Would you reproduce the whole listing exactly, dropping any pictures it holds?

> **Data**
=== Begin Enclosure ===

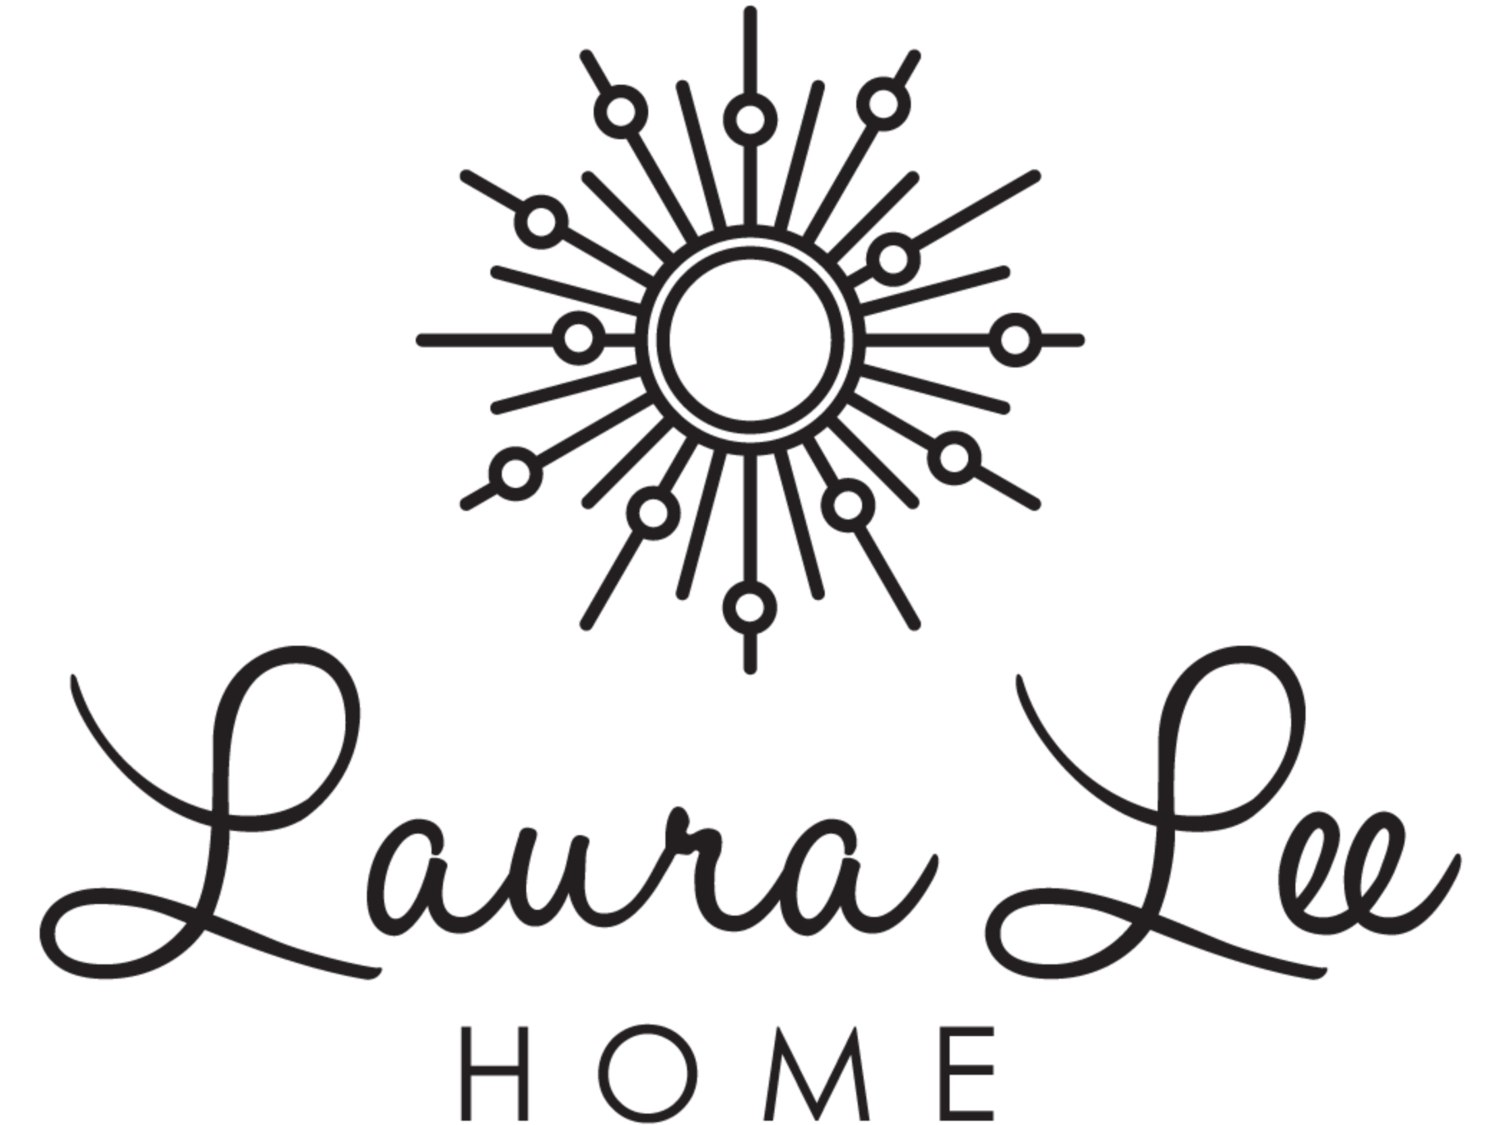 Laura Lee Home
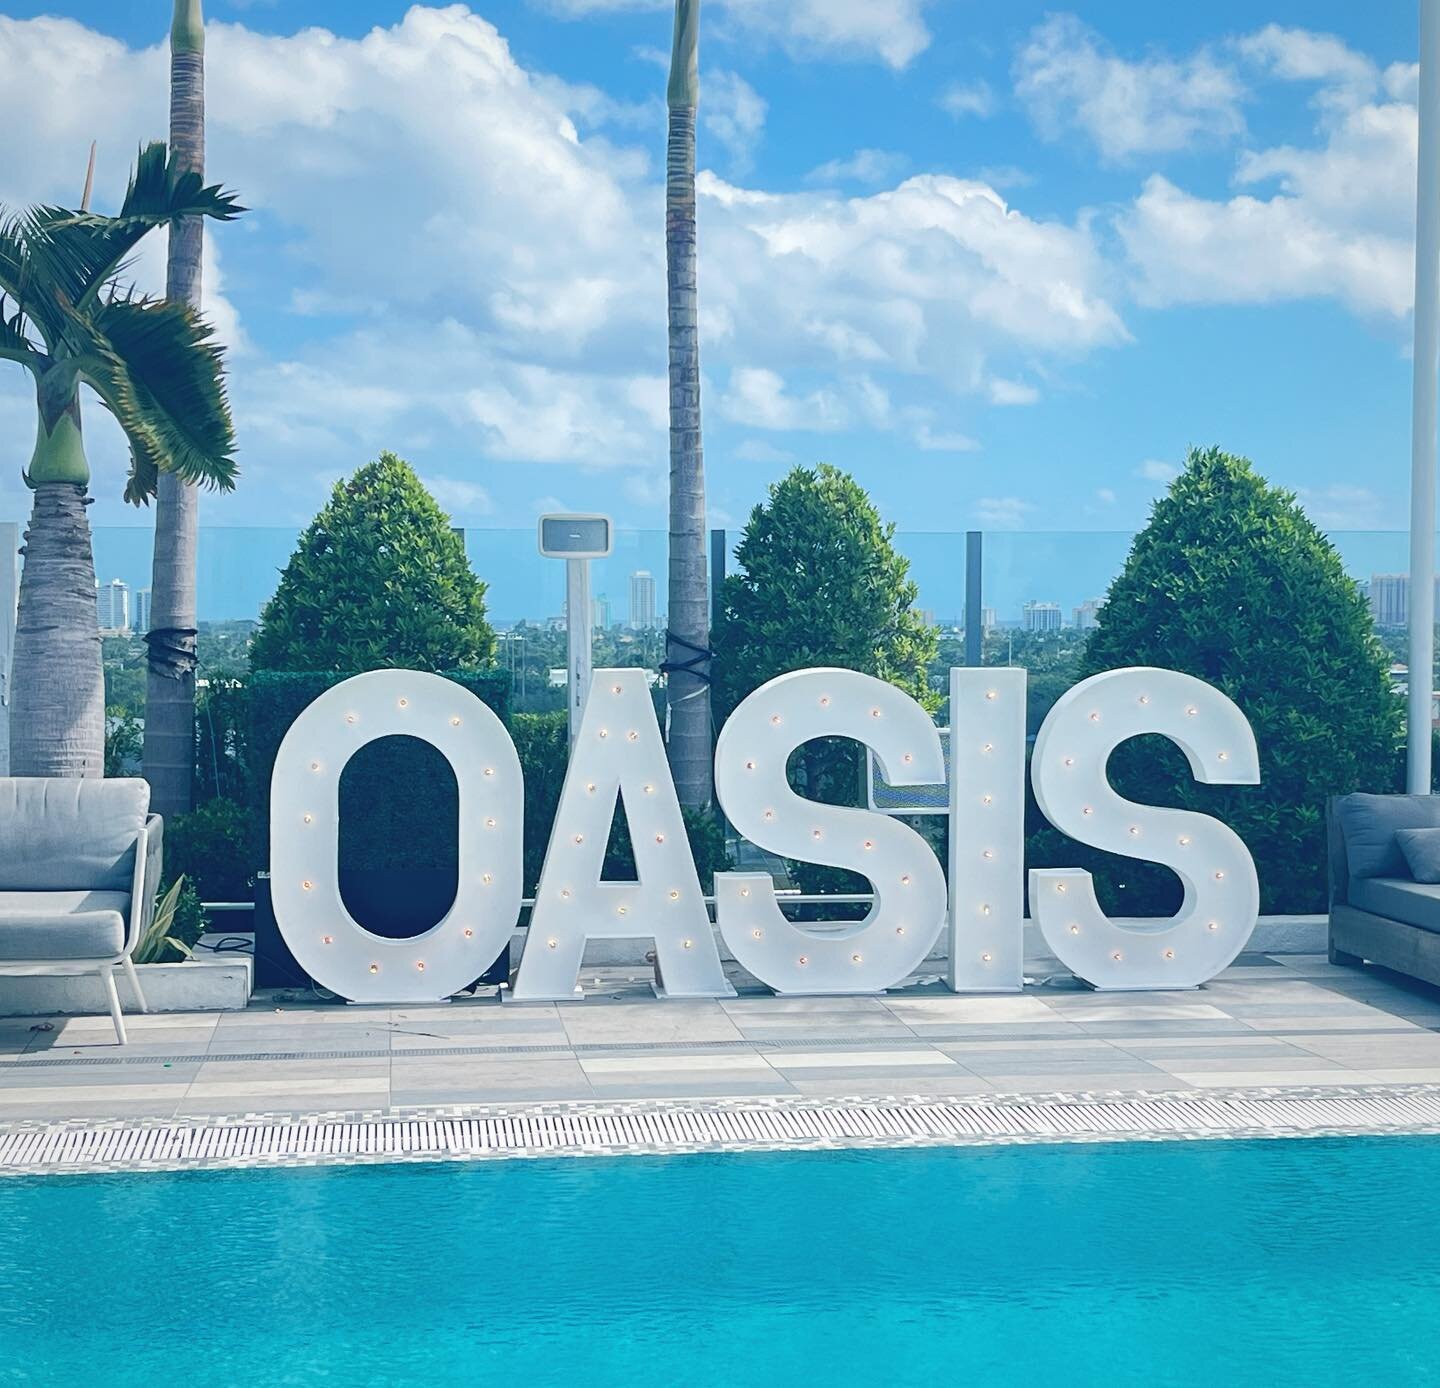 Make a statement with our 4 ft marquee letters, available for rental or purchase 
 #marqueeletters #eventdecor #partyrental #fortlauderdale #poolpartydecor #oasis
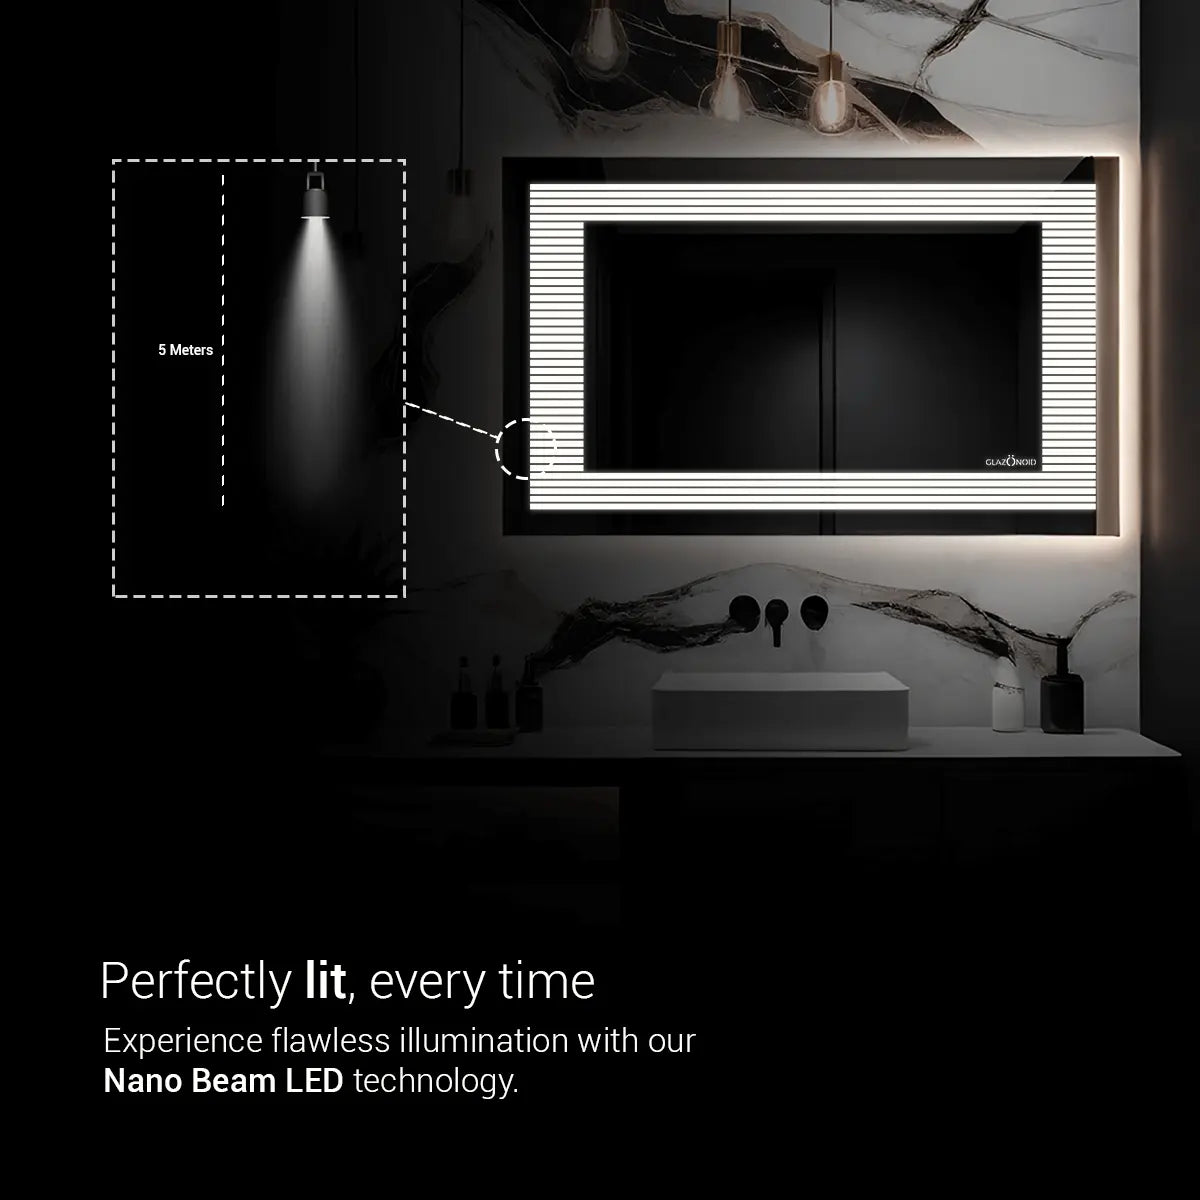 A rectangular bathroom mirror with built-in horizontal LED lights along the sides. The text on the mirror says ‘Glazonoid, 5 Meters, Perfectly lit, every time, Experience flawless illumination with our Nano Beam LED technology’ The mirror is framed and mounted on a bathroom wall with a sink below it.

=== End Enclosure ===

> **Answer to the exercise**
 Laura Lee Home
 Make a statement with our 4 ft marquee letters, available for rental or purchase 
 #marqueeletters #eventdecor #partyrental #fortlauderdale #poolpartydecor #oasis
 A rectangular bathroom mirror with built-in horizontal LED lights along the sides. The text on the mirror says ‘Glazonoid, 5 Meters, Perfectly lit, every time, Experience flawless illumination with our Nano Beam LED technology’ The mirror is framed and mounted on a bathroom wall with a sink below it.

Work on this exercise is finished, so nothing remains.